Une Interview d’Eric Querelle aka Odysseus

Bonjour, Odysseus… qui se cache derrière ce pseudo homérique  ?
Je suis professeur de néerlandais dans l’enseignement secondaire belge. Je griffonne à mes heures perdues, lorsque l’occasion se présente ou lorsque j’ai une idée. Au départ ce choix de pseudo n’était pas guidé par Homère mais par le vaisseau d’Ulysse… 31 dont j’étais un grand fan. Ce qui donne une idée approximative de mon âge ;-)

Il me semble que tu n’en es pas à tes débuts dans l’illustration d’ouvrages libres à destination des plus jeunes, qu’est-ce qui t’intéresse dans ce genre de réalisations  ?
En effet, depuis quelque temps j’écris et illustre en amateur de petites histoires pour enfants que je propose en téléchargement. Ainsi, 4 petites histoires sont déjà disponibles  : Petit Vénusien raconte l’histoire d’un extra-terrestre qui a un besoin urgent, Bonne nuit Doudou Lapin, une histoire très très courte, Ne pleure pas Monsieur le Loup qui évoque la phobie des ongles coupés et Super Héros, une histoire déclinée en deux versions qui aborde le thème du cauchemar.

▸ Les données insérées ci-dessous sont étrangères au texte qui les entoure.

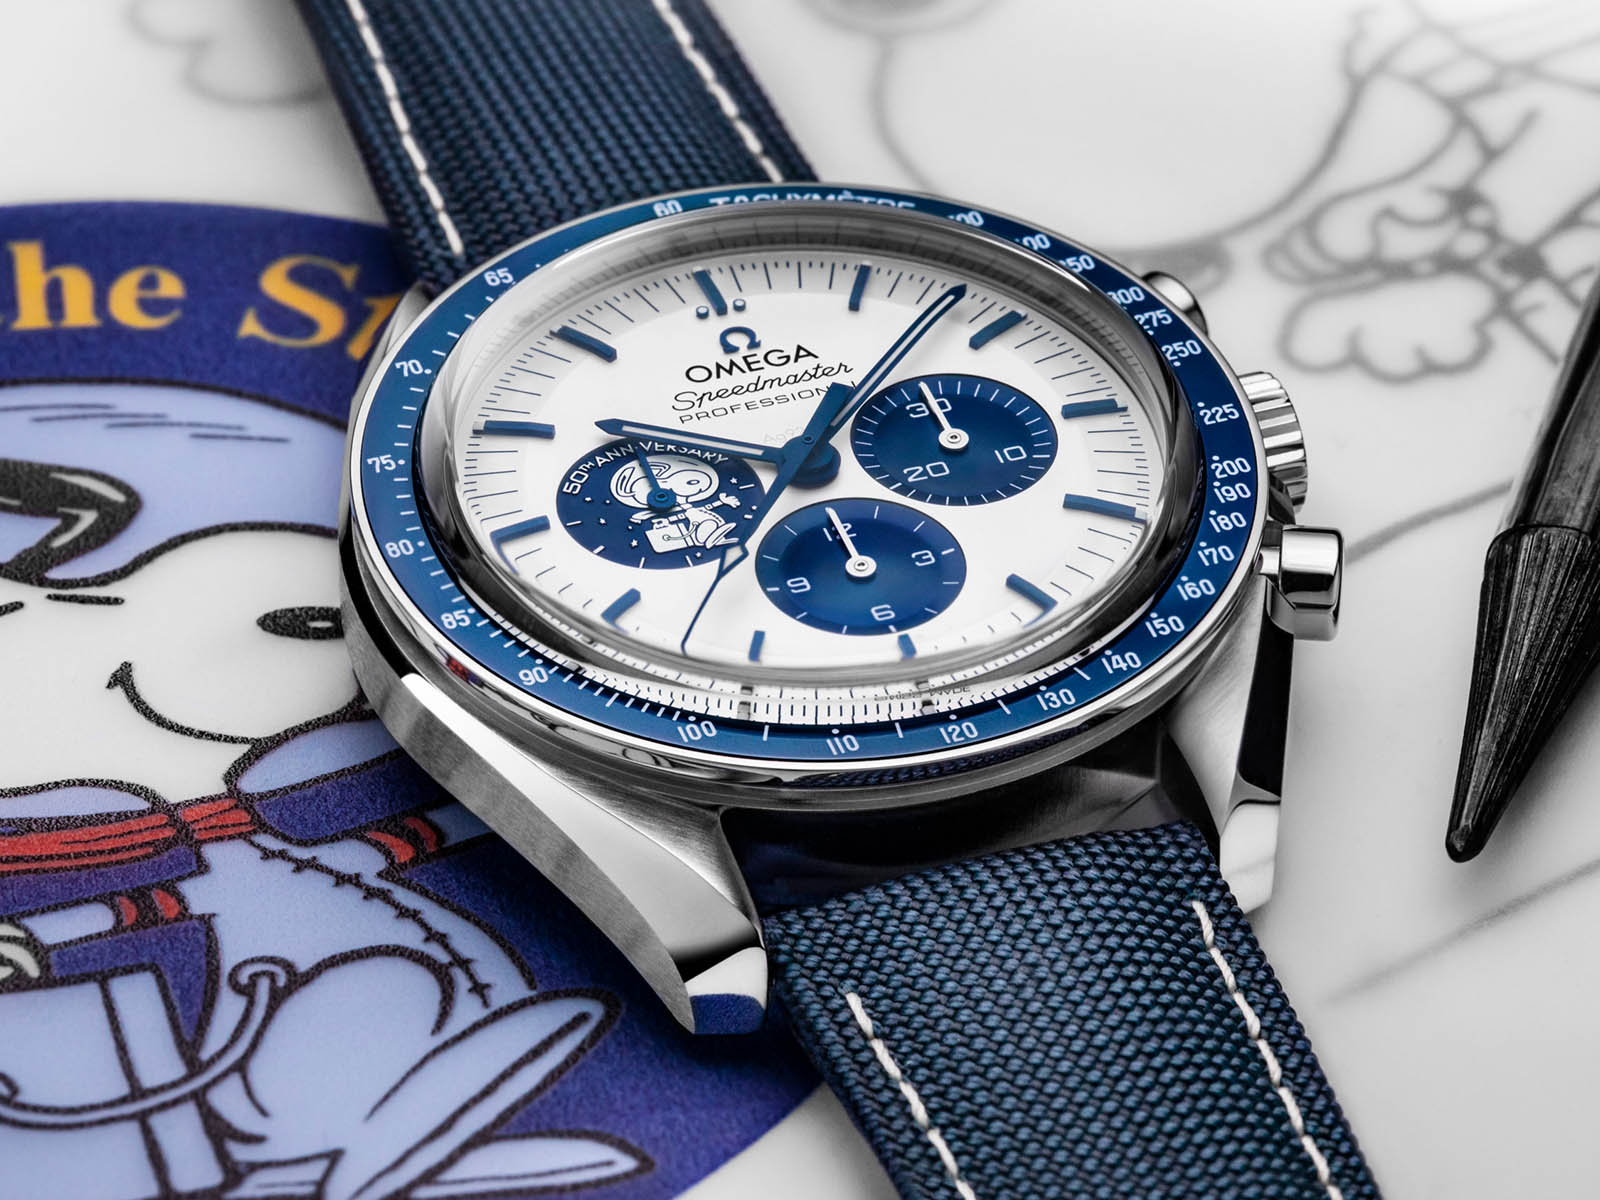 310-32-42-50-02-001-omega-speedmaster-silver-snoopy-award-50th-anniversary-2.jpg
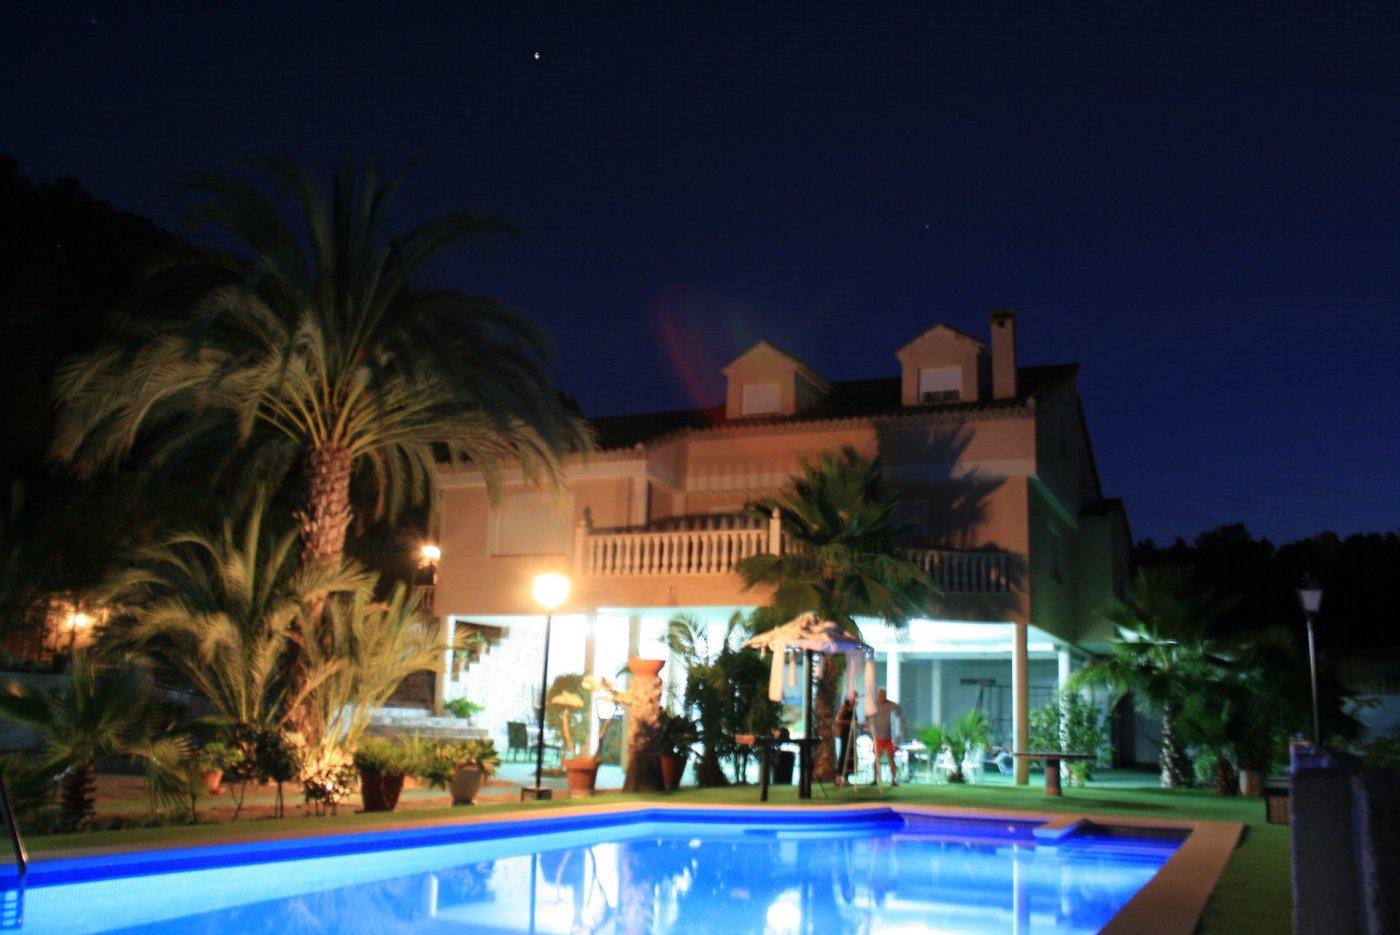 Chalet ref 3265-02767 for sale in El Palmar Spain - Quality Homes Costa Cálida

Pour le reste, je dessine au gré de mes envies et de mes idées ou propose d’autres bidules comme un petit jeu de dominos ou une lecture de 12 fables de La Fontaine, par exemple.

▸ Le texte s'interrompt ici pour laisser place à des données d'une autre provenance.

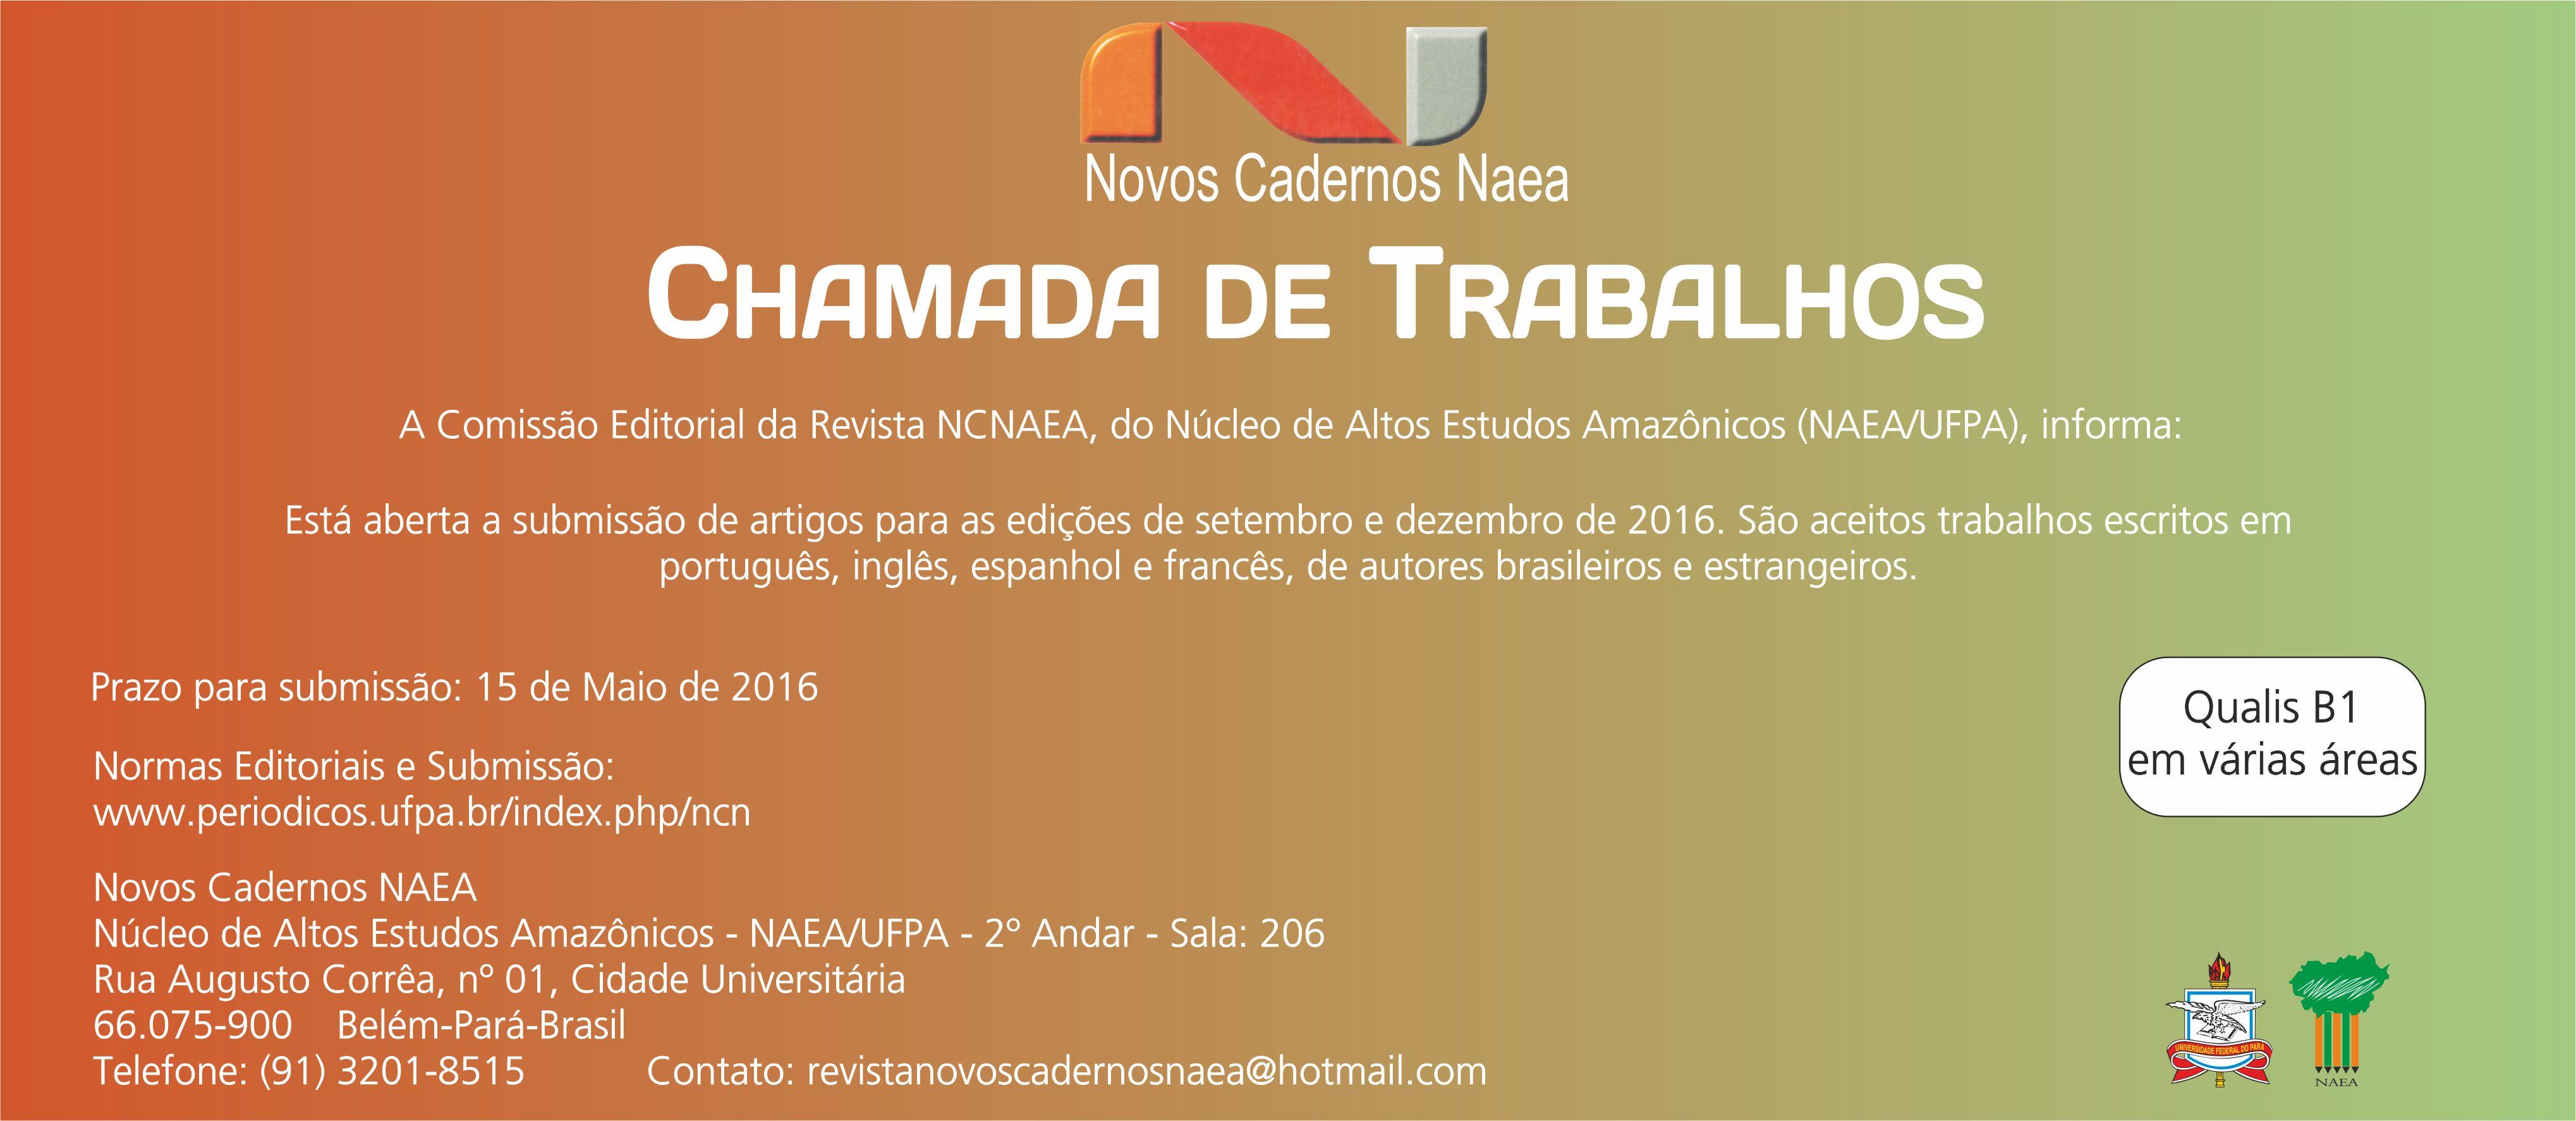 Revista Novos Cadernos NAEA_28abr2016

Ce goût des histoires et celui du dessin se combinent bien. La simple idée de savoir — et de voir — que ceux-ci sont utilisés, exploités de manière individuelle, en classe et sur AbulEdu est un très beau cadeau, une belle récompense.

De manière plus générale, l’école est pour moi le lieu le plus adéquat pour faire découvrir et assimiler ces notions de partage, de respect, de diffusion et de valorisation du bien commun.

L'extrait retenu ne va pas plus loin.